SOURCE MATERIAL:
★ ★ ★
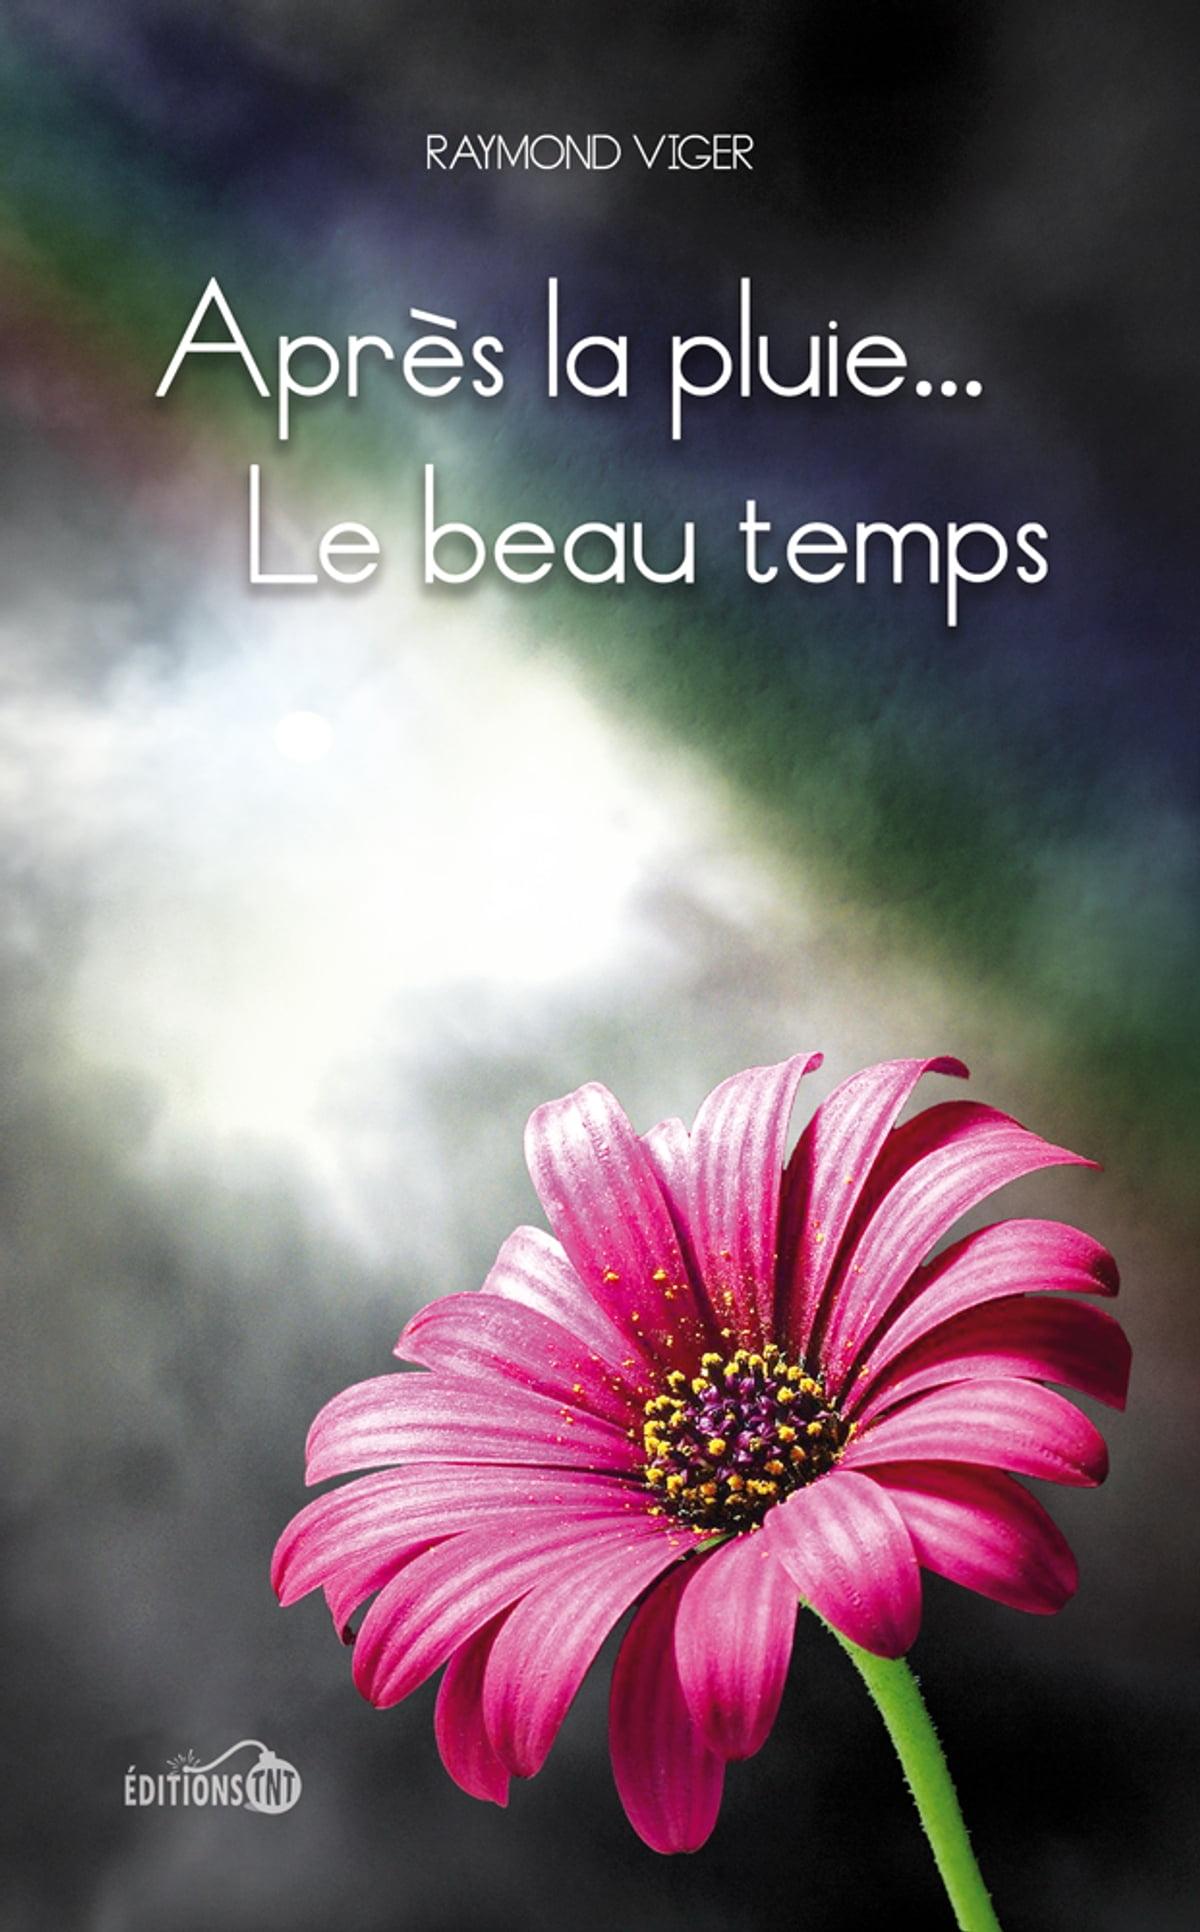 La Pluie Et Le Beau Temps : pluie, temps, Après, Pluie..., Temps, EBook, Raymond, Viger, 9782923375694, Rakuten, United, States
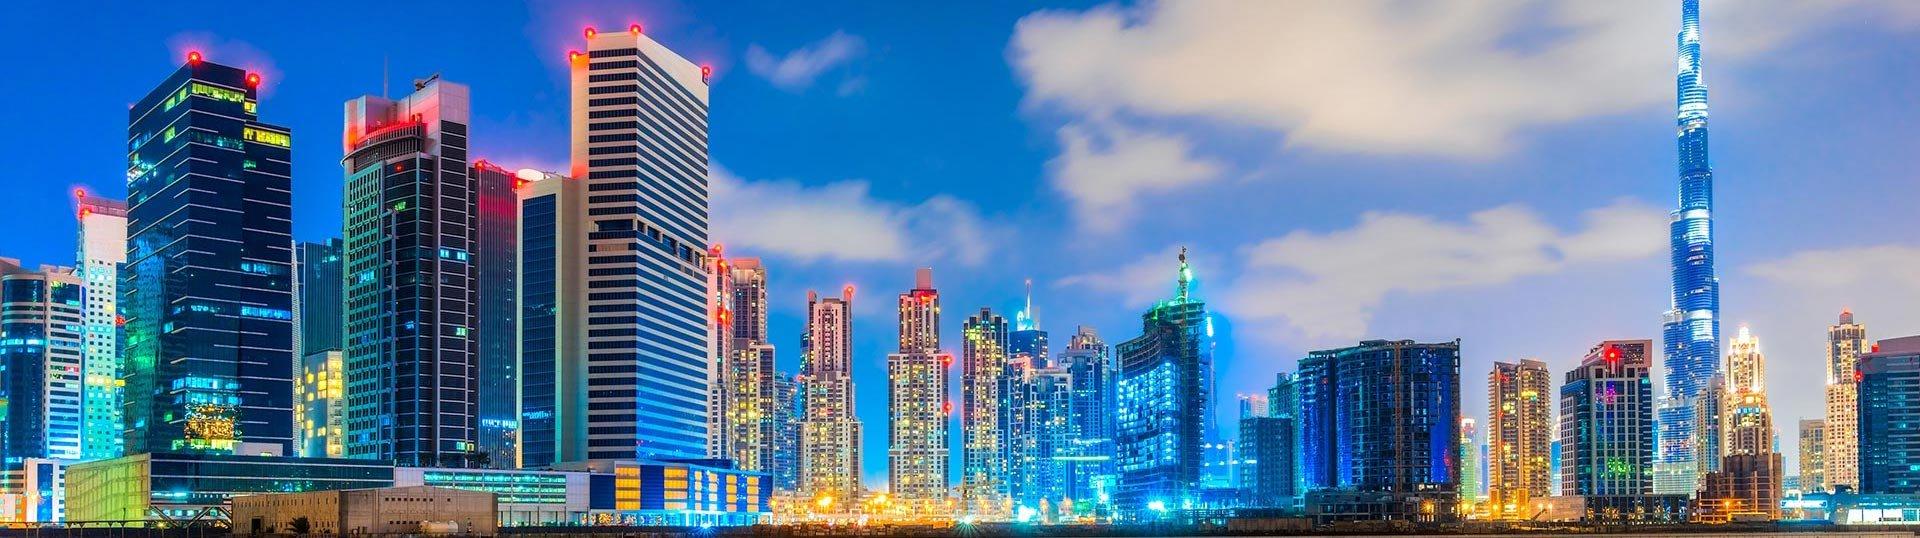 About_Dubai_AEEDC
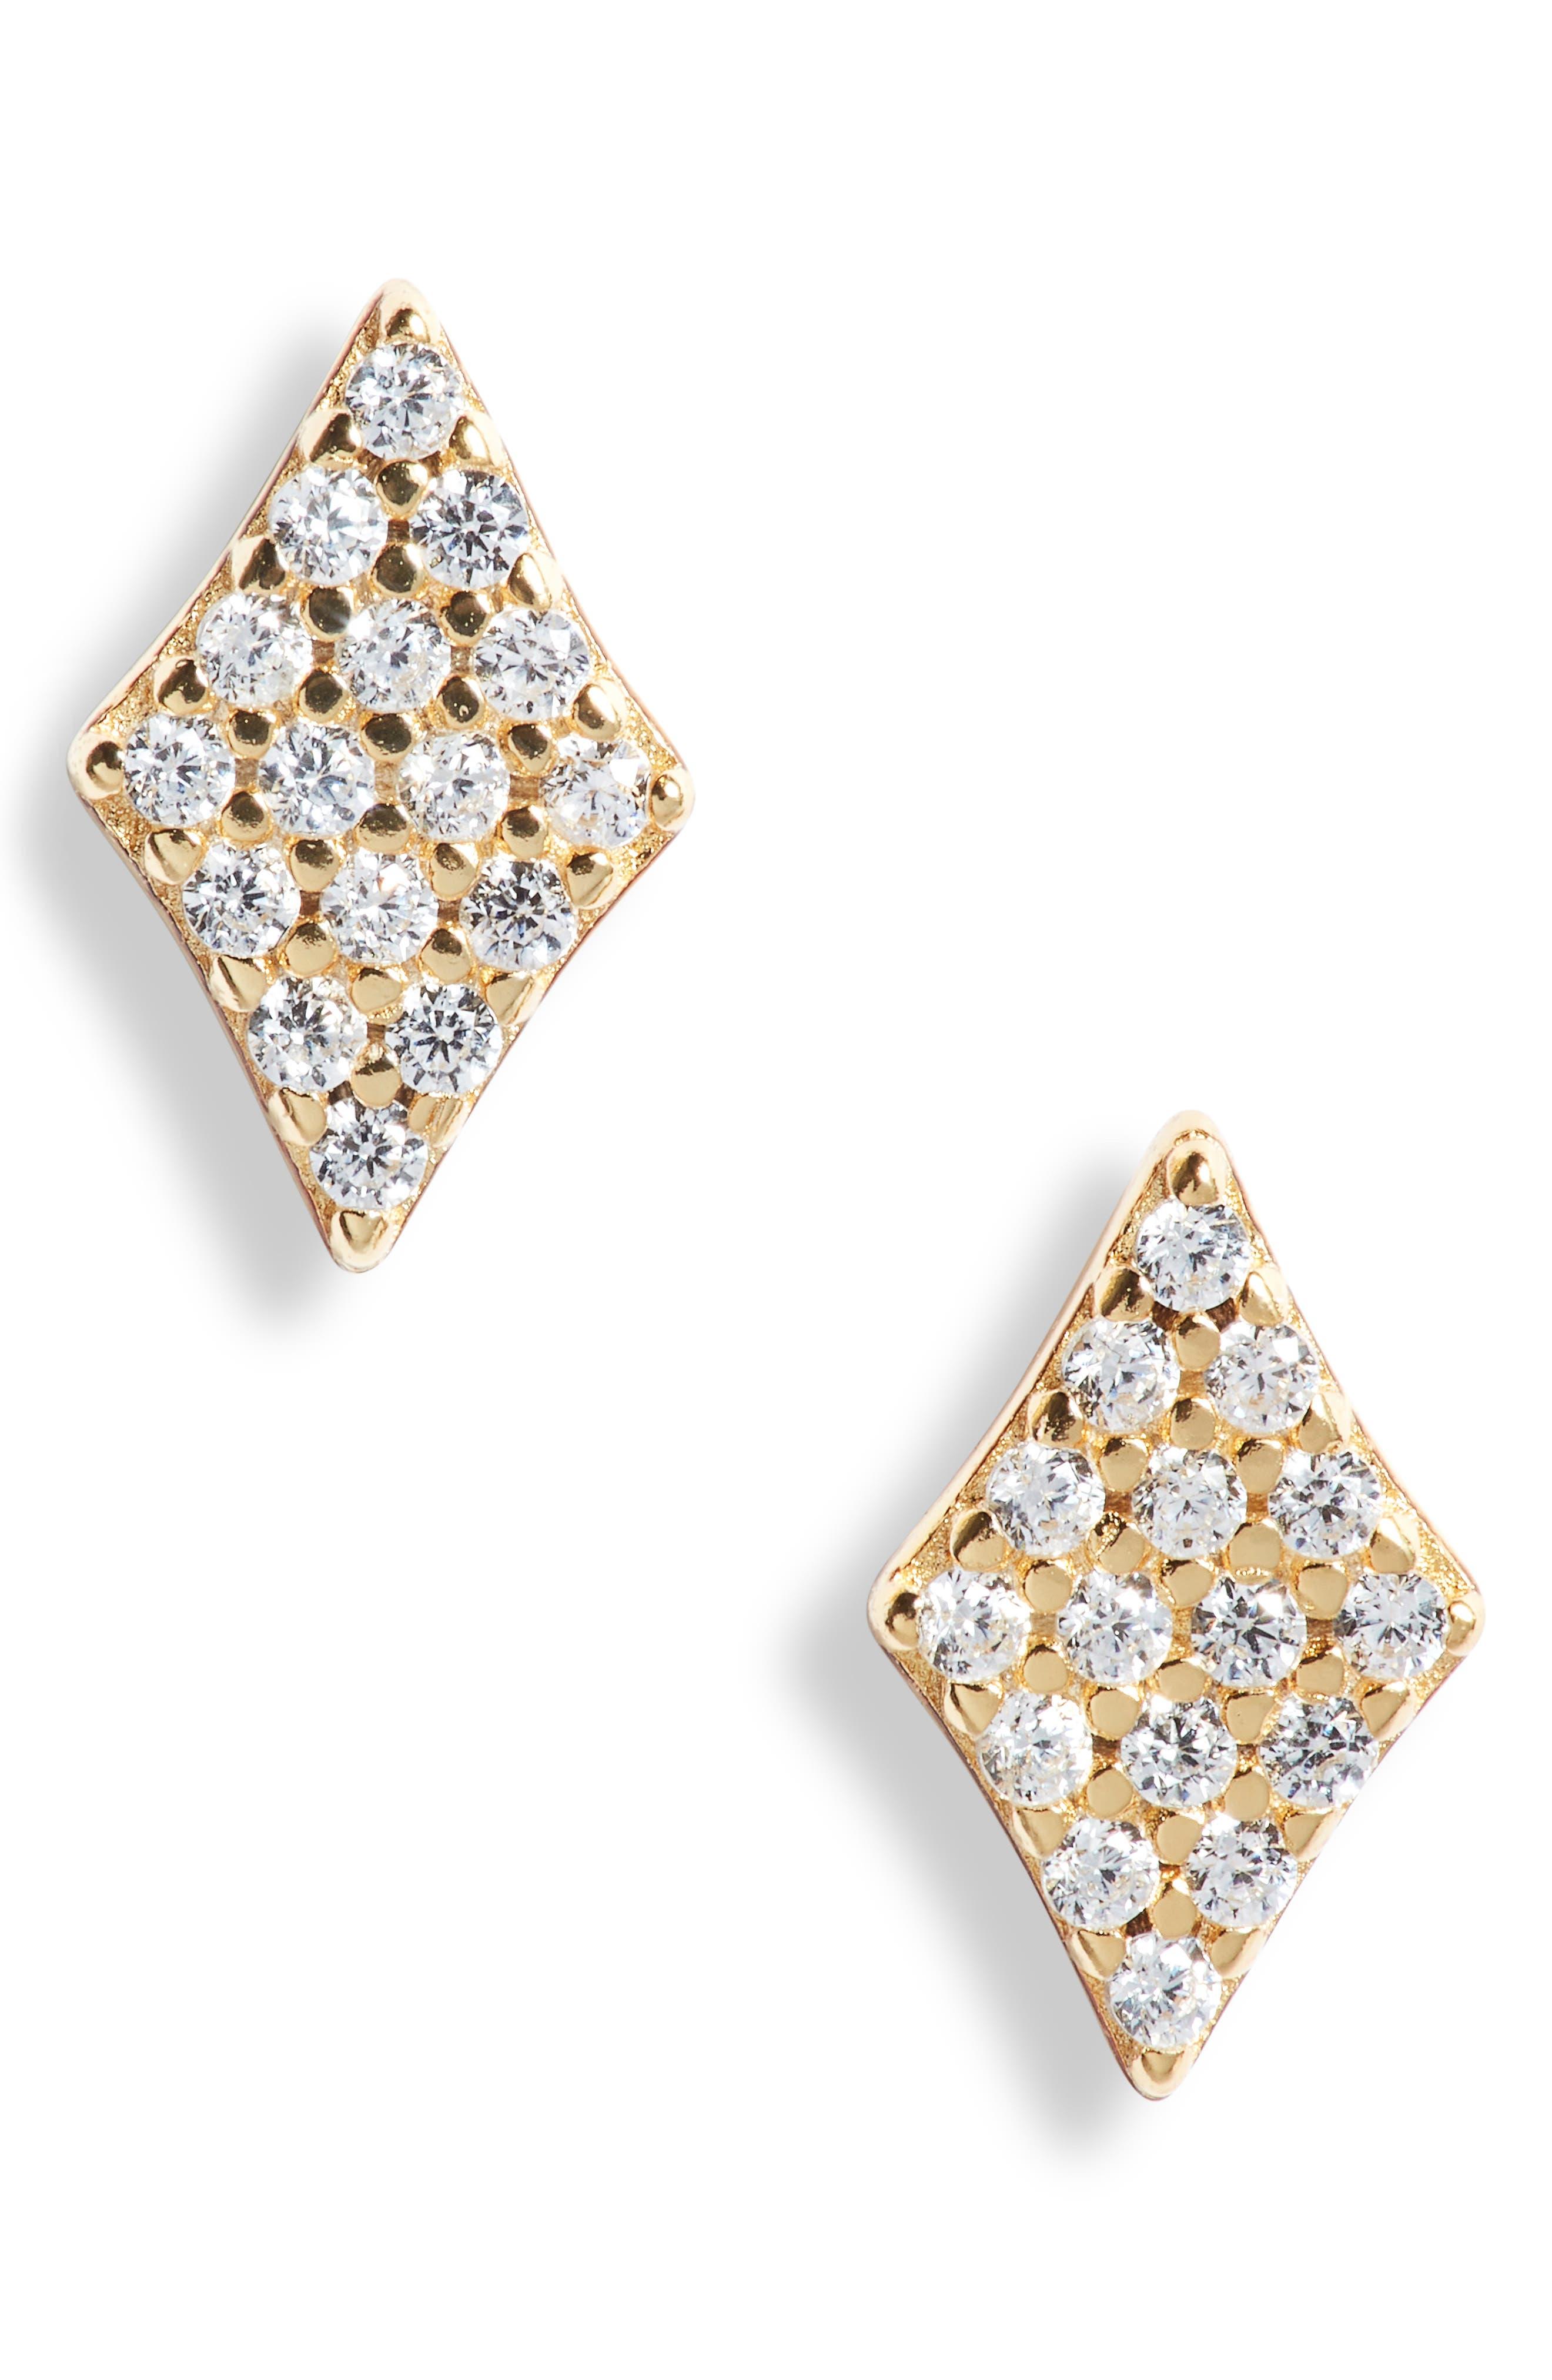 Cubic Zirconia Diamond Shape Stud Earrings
★ ★ ★
Since the pictures are not wanted, transcribe only the rest of the material above, exactly as it stands.

RESULT:
 La Pluie Et Le Beau Temps : pluie, temps, Après, Pluie..., Temps, EBook, Raymond, Viger, 9782923375694, Rakuten, United, States
 About_Dubai_AEEDC
 Cubic Zirconia Diamond Shape Stud Earrings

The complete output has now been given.